I like this one especially.

It rings true if you imagine a world where you have complete control over your machine, you don't worry about possibly external code breaking or extracting your stuff and so on.

But lets just pretend we don't need to worry about these things for some reason. It would be so powerful. And I don't mean you have 'root' privileges, I mean your programming environment owns, controls and _is_ everything that happens. No black boxes, no overhead, nothing. Just _one_ runtime that is integrated all the way down with the expressive power of a Lisp/Smalltalk/Self or similar. It's sad that this doesn't seem like a viable option.

  • mch82 2 years ago

    People just need to start chipping away at it. Eventually it’ll exist.

    My favorite inspiration for “chipping away at it” is https://ephtracy.github.io/ who has been slowly building up the coolest 3D art tools one commit at a time.

    • dgb23 2 years ago

      That's amazing, and inspiring.

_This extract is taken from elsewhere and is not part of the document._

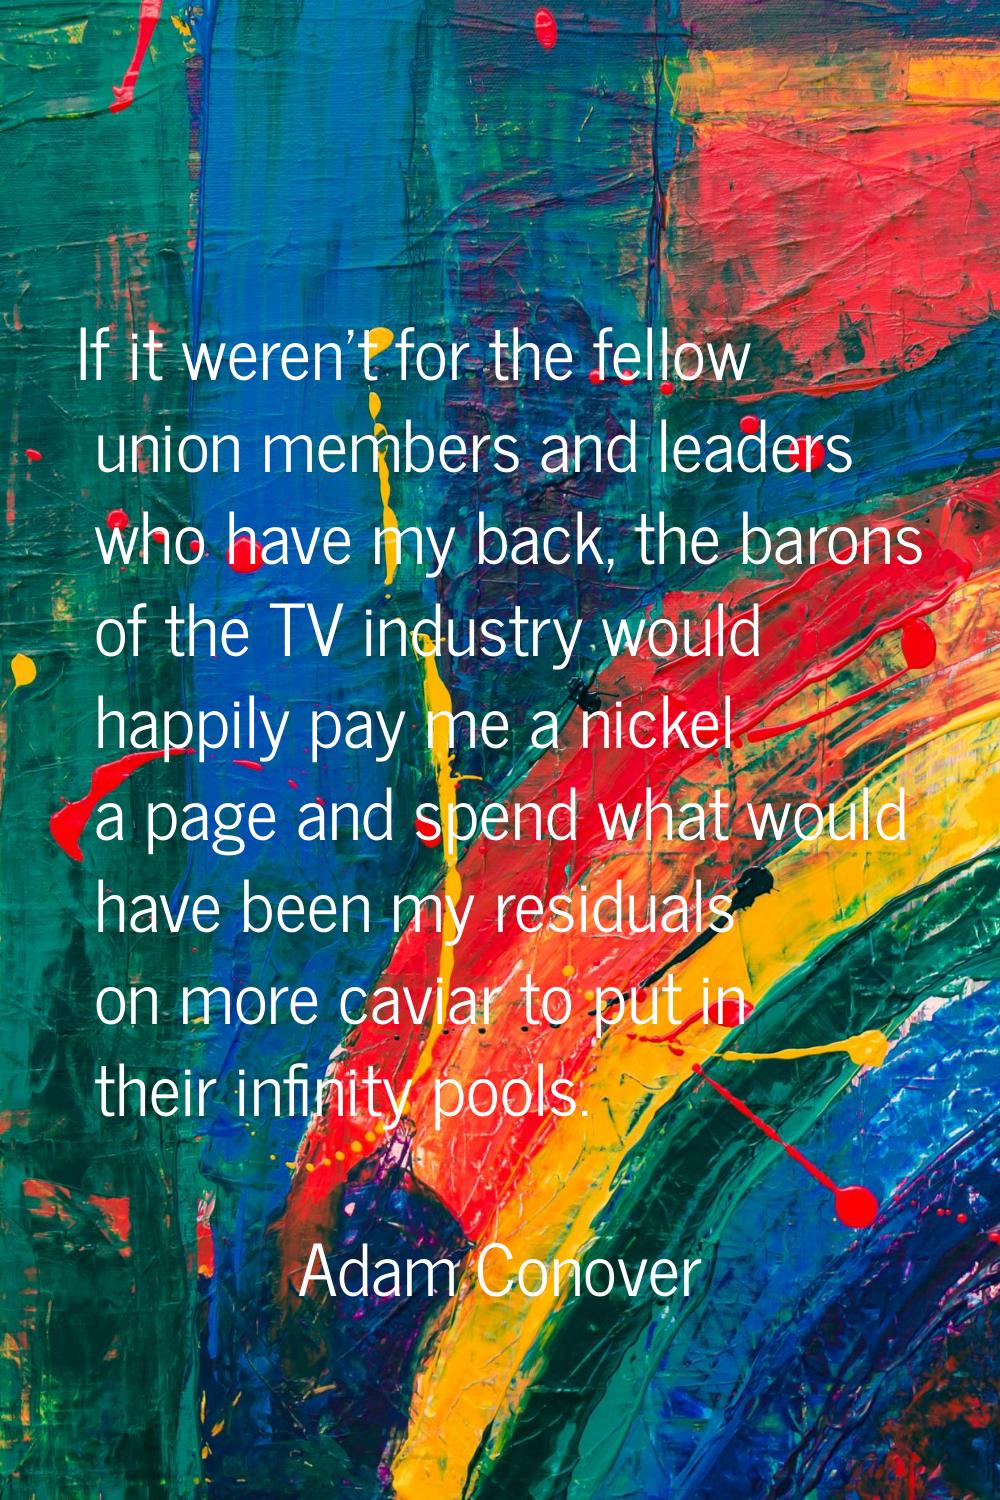 If it weren't for the fellow union members and leaders who have my back, the barons of the TV indus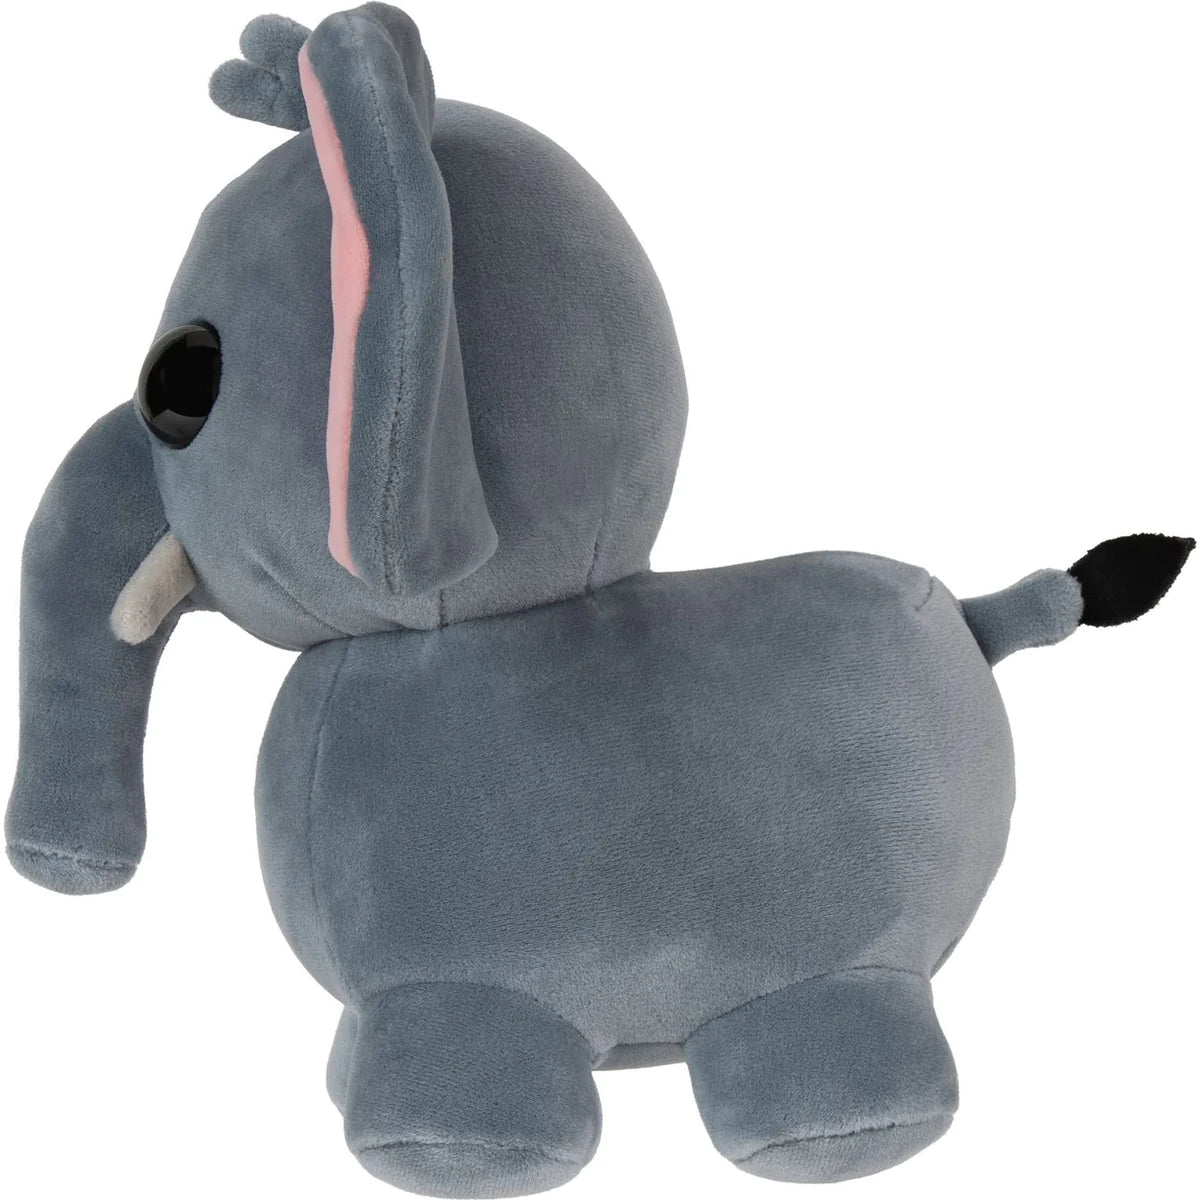 Adopt Me Series 2 Elephant 8 Inch Collector Plush Soft Toy

Thanks for sharing.

    • jibbit 2 years ago

      I’m not convinced by the logic of the “you didn’t read the article rule”. I wish we could talk about it.

  • AnimalMuppet 2 years ago

    The problem with environments like that is that they are never perfect. There's always something that at least some users need that they left out. But, since they're trying to be everything, they don't leave you any way to leave their world to go get something from the real OS, or the bare metal, or wherever "outside" is.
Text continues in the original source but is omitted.